## WHAT THE EXERCISE ASKS
Give the data again exactly as written, without any of its pictures.

## EXERCISE DATA
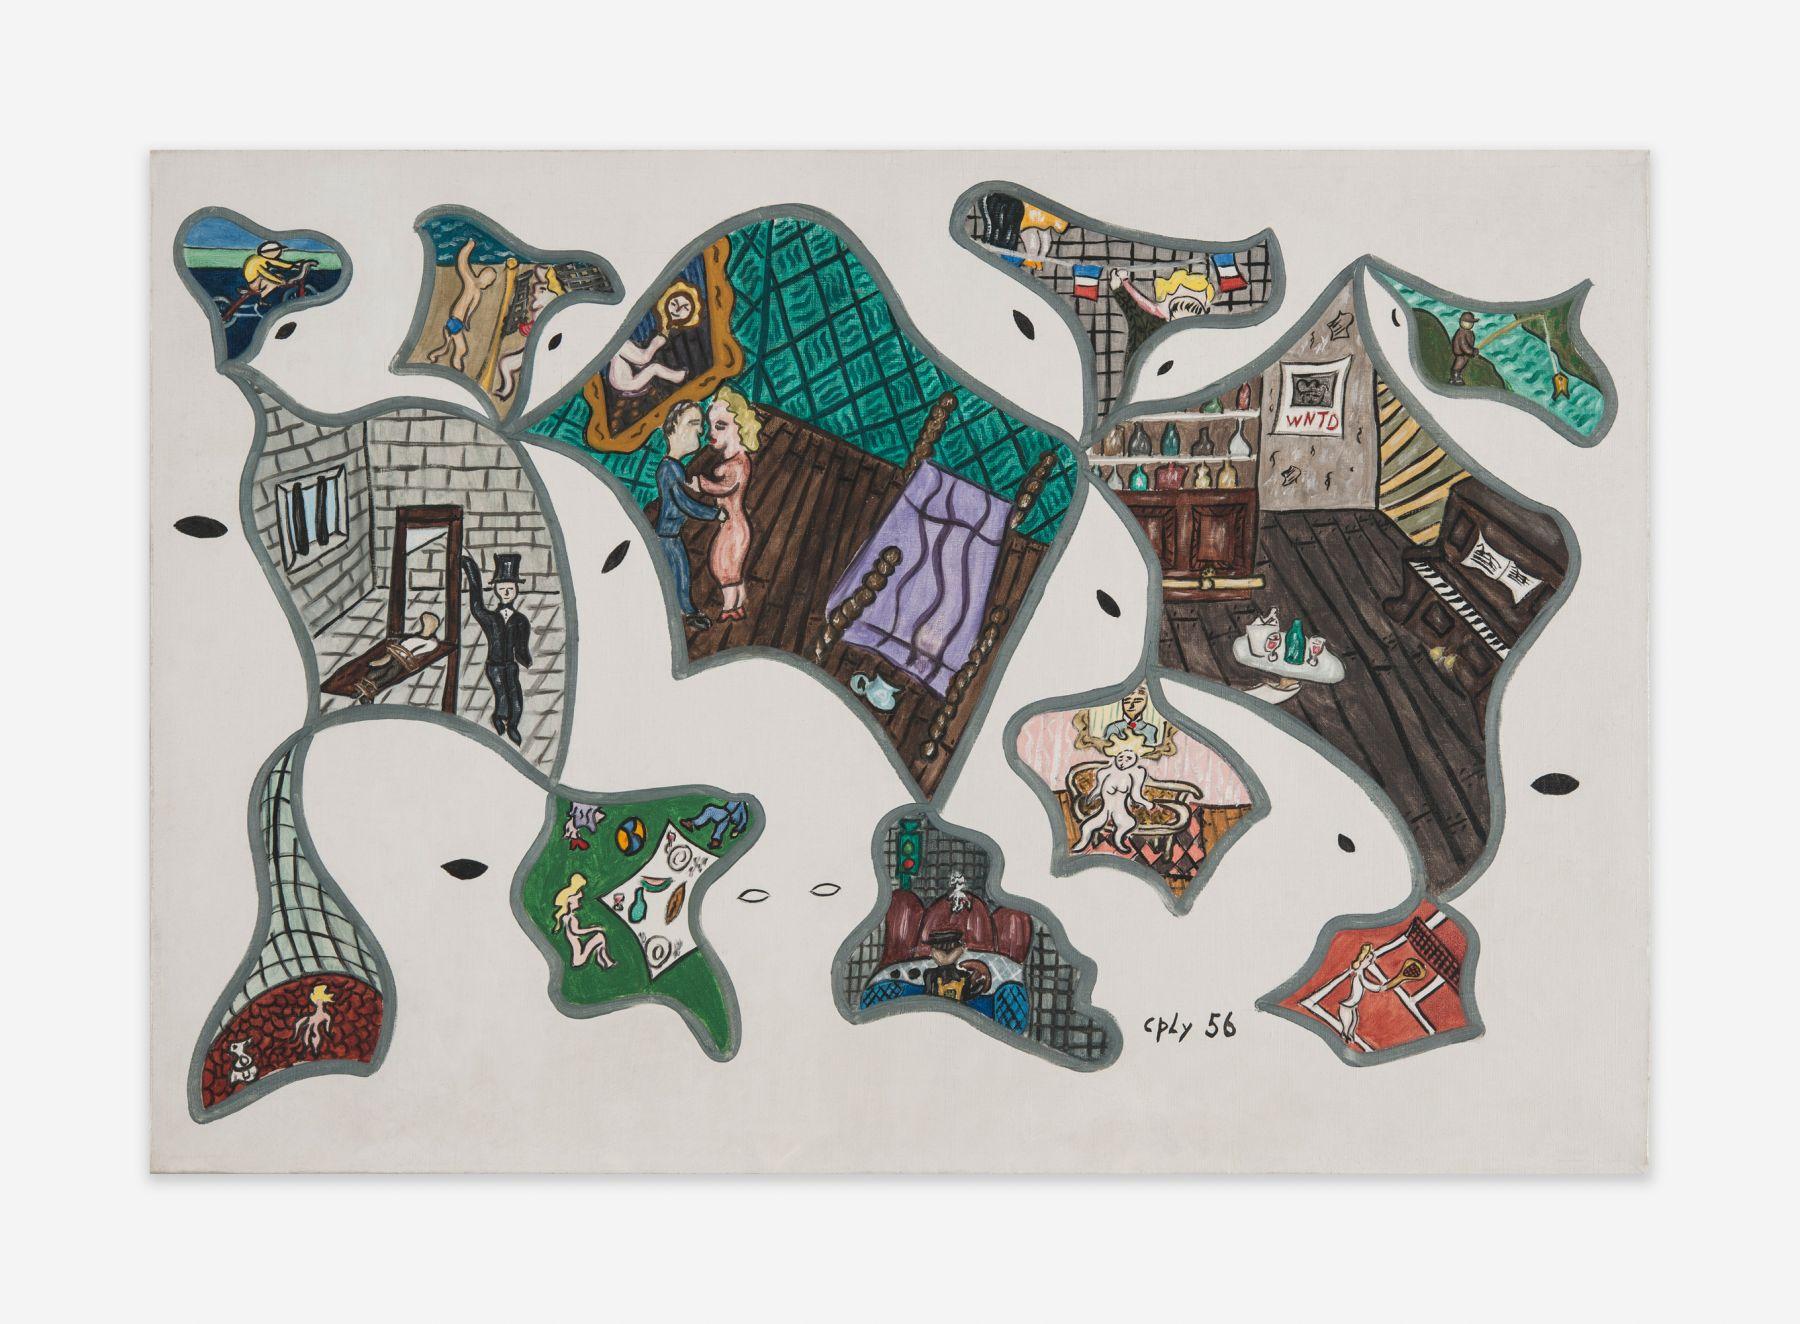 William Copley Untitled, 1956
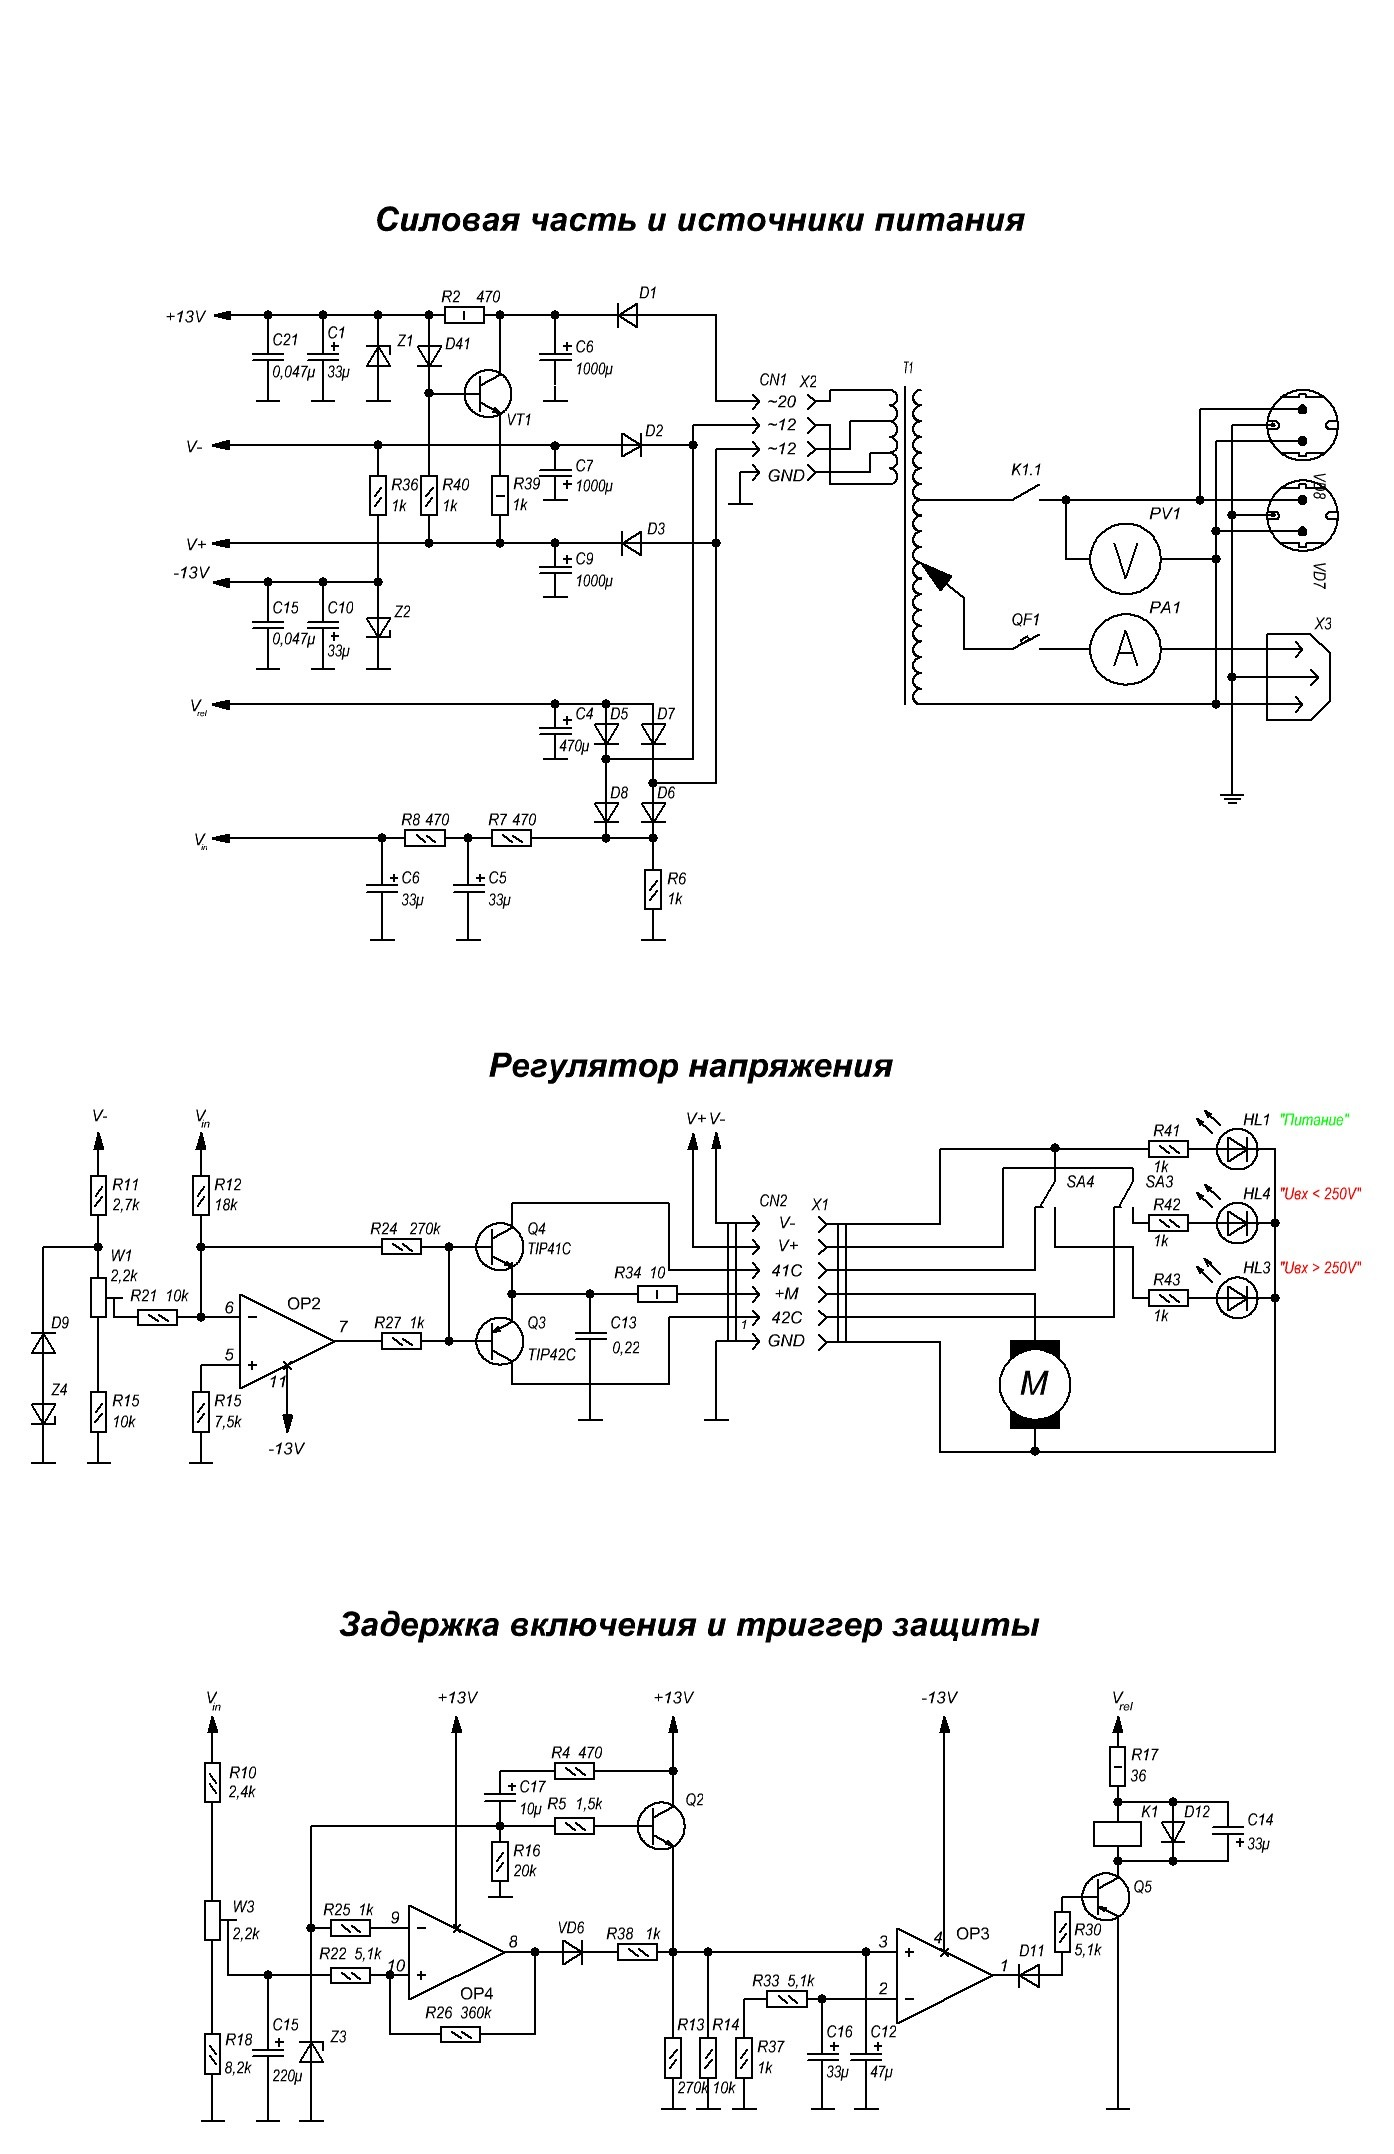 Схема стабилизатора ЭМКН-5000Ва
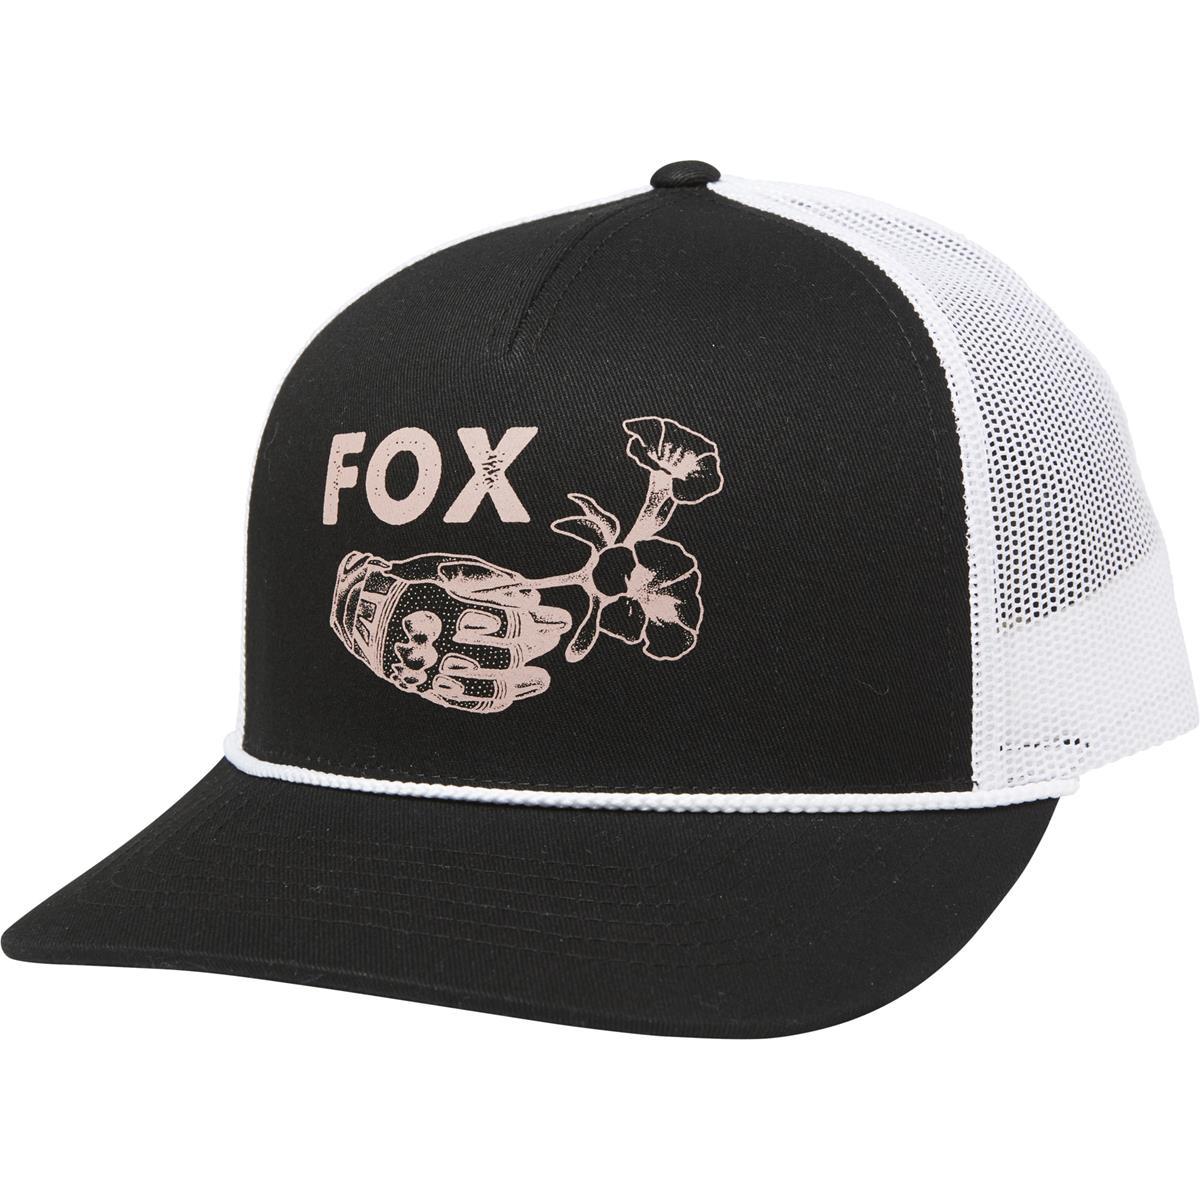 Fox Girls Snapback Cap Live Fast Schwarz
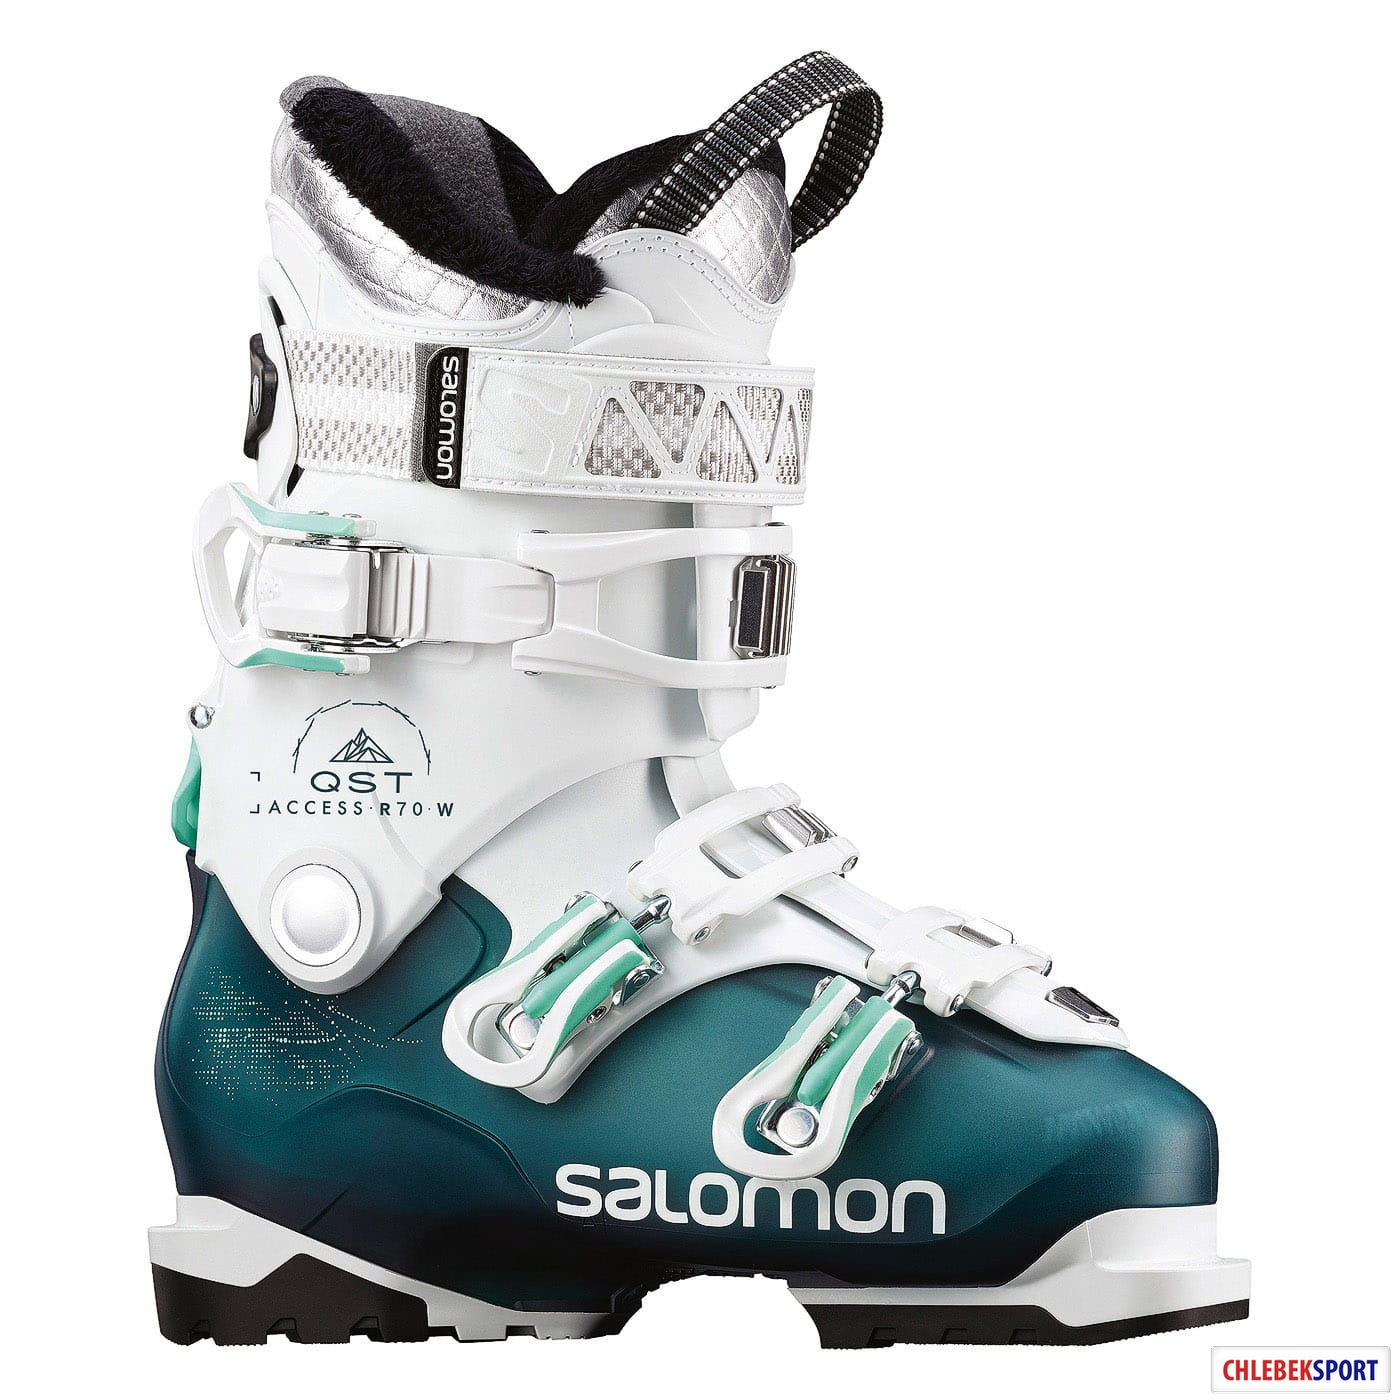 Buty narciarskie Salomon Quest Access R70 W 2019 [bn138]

## ANSWER BELOW
 William Copley Untitled, 1956
 Схема стабилизатора ЭМКН-5000Ва
 Fox Girls Snapback Cap Live Fast Schwarz
 Buty narciarskie Salomon Quest Access R70 W 2019 [bn138]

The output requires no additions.